First look appears to be related to the ath10k driver. Not sure if it’s related to the issue I’m encountering.

Agree with @quarky - looks like errors with ath (general OpenWrt problem). There is good discussion in the exploration thread on troubleshooting more recent wifi issues some people are having. Might be related or might be another bug.

I was tired of seeing NSS_TX_FAILURE_TOO_SHORT on wlan1 in the logs all the time (things seems to work fine despite that failure), this patch just fixes the log spam, it doesn't fix the actual issue. I think I got the code right, it doesn't crash anyway :slight_smile:
Should be applied after the 999-mac80211-NSS-support.patch that's in @ACwifidude's repository.

--- a/net/mac80211/iface.c	2022-02-17 09:28:56.041204675 +0100
+++ b/net/mac80211/iface.c	2022-02-17 09:27:50.454300512 +0100
@@ -1206,8 +1206,8 @@
 		skb_push(skb, ETH_HLEN);
 		ret = nss_virt_if_tx_buf(sdata->nssctx, skb);
 		if (unlikely(ret)) {
-			if (net_ratelimit()) {
-				sdata_err(sdata, "NSS TX failed with error: %s\n",
+			if (net_ratelimit() && ret != NSS_TX_FAILURE_TOO_SHORT) {
+				sdata_err(sdata, "NSS TX failed with error: %s\n",
 			skb_pull(skb, ETH_HLEN);

Patch updated to what quarky mentioned below.

Your code will not work. You can't compare two strings in that way. You should still see the error if I'm not wrong. This should work:

if (net_ratelimit() && ret != NSS_TX_FAILURE_TOO_SHORT) {

The error actually disappeared from the logs, but I'm sure your code is more correct. It sure makes more sense than what I did :slight_smile: ret should contain the string of course

I can add that in next build. Is there an ability to fix the origin of the too short error or is this just log spam in your opinion (@shelterx I too don’t know what the error means and haven’t noticed any issues related to it)

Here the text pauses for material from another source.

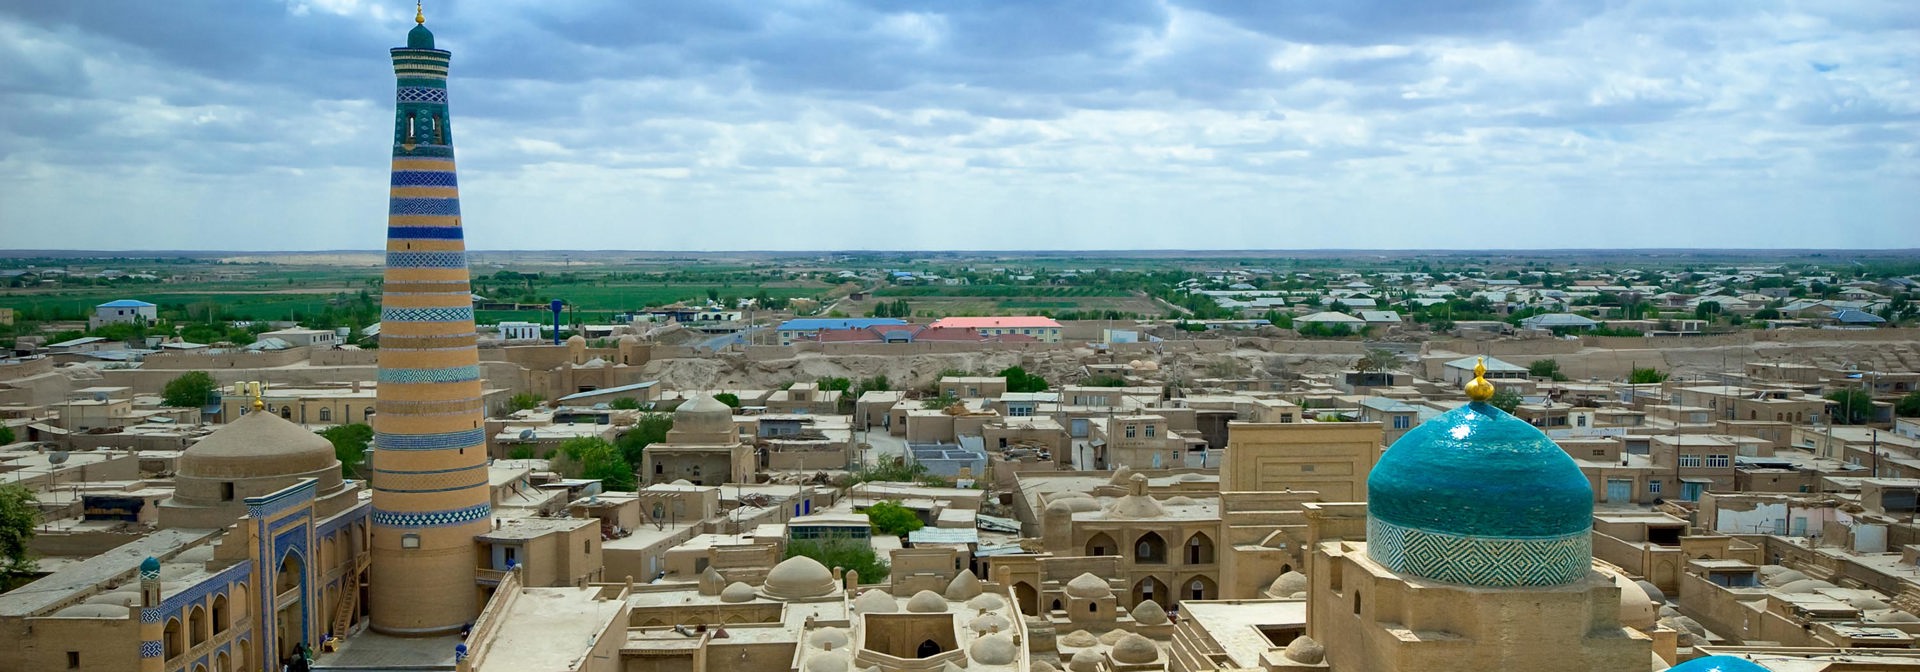 uzbekistan - khiva_minaret_02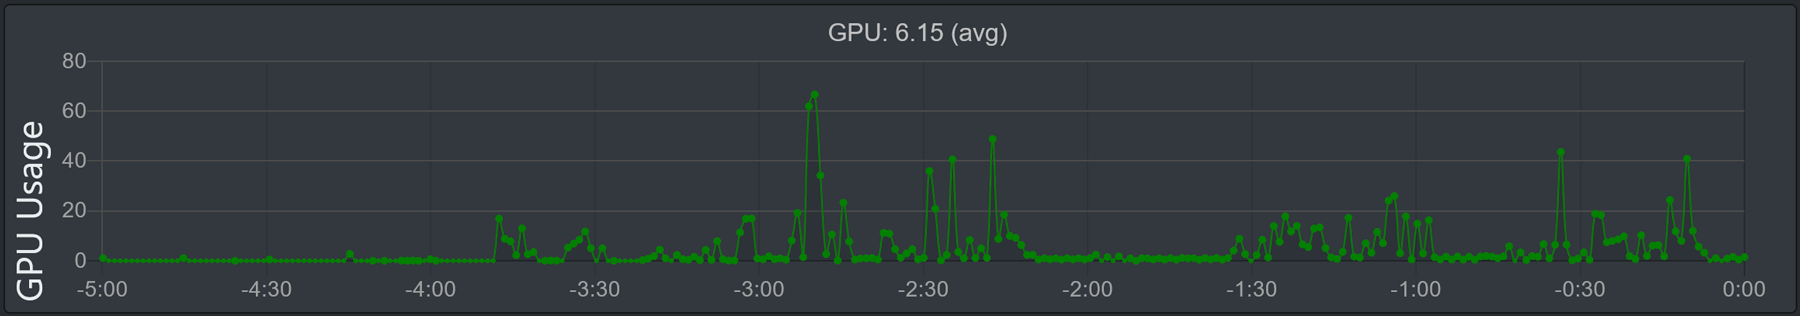 Immagine del grafico 'Utilizzo della GPU'

The issue seems to be a result of having mesh nodes in the network. Those nodes sends zero length frames it seems. So I think there’s nothing that can be done at the AP end.

The TX error on wlan1 is got to be from the only device i have connected on the 2.4Ghz Wifi, which's a Yamaha Receiver. All other devices are connected to 5Ghz Wifi.

I don't have any mesh networking going on... Just an extender that I use as a bridge, so I have ethernet clients behind it. It doesn't actually extends the Wifi, that function is turned off.

I can reproduce this wifi crash issue. It happens exactly on my R7800. The version I am using is OpenWrt 21.02-SNAPSHOT r16474+17-97b95ef8b9 named with R7800-20220127-Stable2012NSS-factory. Hope the information helps. The log is the same.